Placher has wisely limited himself to a few significant figures and theological milestones in the writing of this book. While there are merits in putting toward a lot more material to know more about the past, it is more important to get a sense on where history is taking us into the future. By tracing the chronological development of events through history, we are able to see how people have adapted through the years. Some are driven by economic necessity. Others are caused by power struggles, the fight for theological purity against the heretics, the decline of one generation and the rise of another, and so on.  Only when we are not sucked into too much detail are we able to see the forest without being distracted by the trees. It takes a knowledgeable and discerning writer to put together a book of this nature. When I first picked up this book, I thought it was going to be another historical text on Christianity. As I read more, it seems like there is a subtle shift of power and religious influence from the East to the West, and from the West to the South. It all begins with religious thought, which is now manifested more in pluralistic ways. More importantly, I am encouraged to read Placher's perspectives of theology thriving on problems.

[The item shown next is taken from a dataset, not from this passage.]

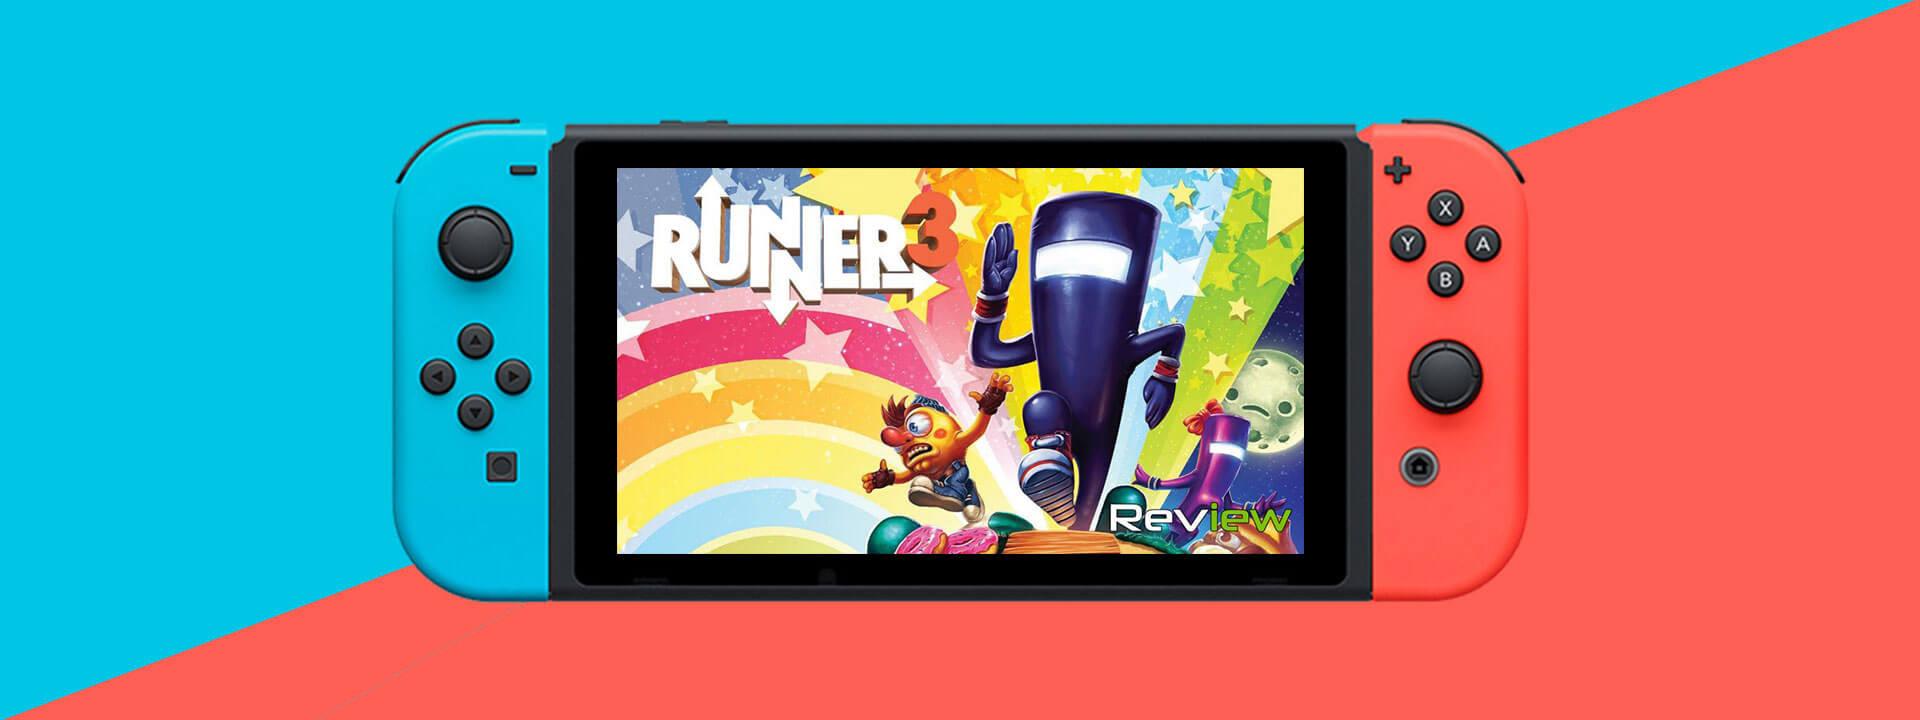 Runner3 nintendo switch 01 - بازی Runner3 مخصوص Nintendo Switch

Indeed, we are often too predisposed toward being nice to one another at the expense of truth seeking. The early Christians and the many controversies along the way are bold attempts to seek out truth honestly and earnestly. If our current generation can learn from them about how to fight or debate well and respectfully, we will all benefit from the pursuit of truth. However, if we prefer to adopt positions of "let sleeping dogs lie" without any desire to dig out truth for truth's sake, we will not only impoverish our current generation. We do the next generation a disservice as we plunge ourselves into the deadly waters of spiritual apathy.

Rating: 4.5 stars of 5.


This book is provided to me courtesy of Westminster John Knox Press and NetGalley in exchange for an honest review. All opinions offered above are mine unless otherwise stated or implied.